Et si la ménopause peut effectivement jouer un rôle dans la survenue du syndrome du nid vide chez la femme, l'andropause peut aussi expliquer beaucoup de choses chez l'homme. "Sa vigueur diminue, sa résistance est moindre qu'au début de l'âge adulte, parfois la calvitie ou l'embonpoint menacent... Tous ces changements peuvent être difficiles à vivre, affectant l'homme dans son identité et sa virilité", détaille la psychologue. En fin de compte, le départ des enfants a tendance à faire ouvrir les yeux sur le temps qui a filé. Pour certains, ce constat et le fait de voir leurs enfants débuter leur vie d'adulte peut faire le lit d'une infidélité. "Ces hommes courent en quelque sorte après leur jeunesse perdue." 

Lorsque tel n'est pas le cas, la vie de couple peut aussi être mise à mal par cette remise à plat. "Certains font le bilan et se rendent compte qu’ils n’ont plus rien à se dire car toutes leurs conversations tournaient autour des enfants. Ils peuvent aussi réaliser qu'ils n'ont pas évolué dans le même sens et qu'ils n'ont plus les mêmes envies. Cela peut mener à des séparations."

L'importance de se préparer et d'en parler

Pour mieux vivre cette période, la psychologue conseille aux couples de conserver, en amont du départ, une vie qui ne tourne pas essentiellement autour de leurs enfants, tant au niveau des activités que de la vie amoureuse. "Ce n’est pas parce que l’on a des grands enfants qu’il faut oublier les rencontres à deux, les petites soirées... Il faut apprendre à prendre soin de son couple." Si le coup est dur, il ne faut pas hésiter à aller consulter, insiste Hélène Barbarit-Thomas, qui indique que parfois, seules quelques séances peuvent suffire.

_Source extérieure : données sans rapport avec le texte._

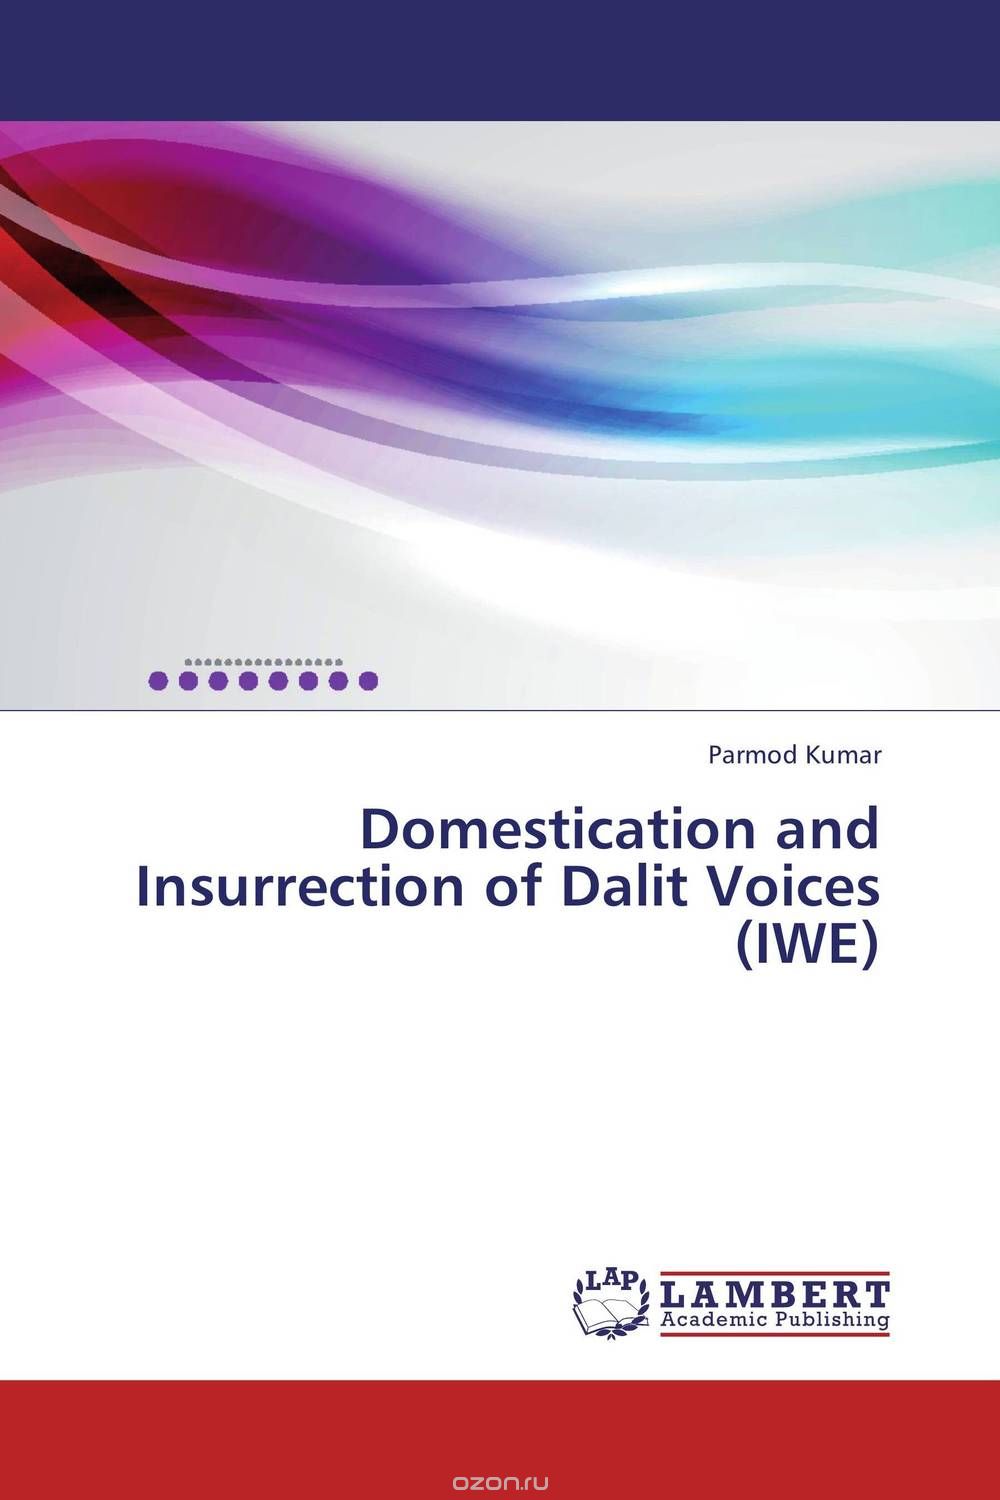 Скачать книгу "Domestication and Insurrection of Dalit Voices  (IWE)"

"La thérapie d’acceptation et d’engagement va être une approche privilégiée pour aborder ces questions, en individuel comme en couple. Elle est intéressante car on travaille sur ce qui a vraiment du sens, tout en essayant de mettre en lumière les actions qui ne font qu’entretenir la souffrance, comme l'alcool ou l'isolement volontaire." Le fait de mettre un nom sur ce qu'ils ressentent et comprendre qu'ils ne sont pas seuls à l'éprouver peut aussi aider les hommes à accepter ce qu'ils vivent, à en parler autour d'eux et, in fine, à se libérer d'un poids. Se remettre au sport pour retrouver une meilleure forme physique, et donc améliorer son estime de soi, ou encore s'engager dans une activité, peut également aider à remonter la pente.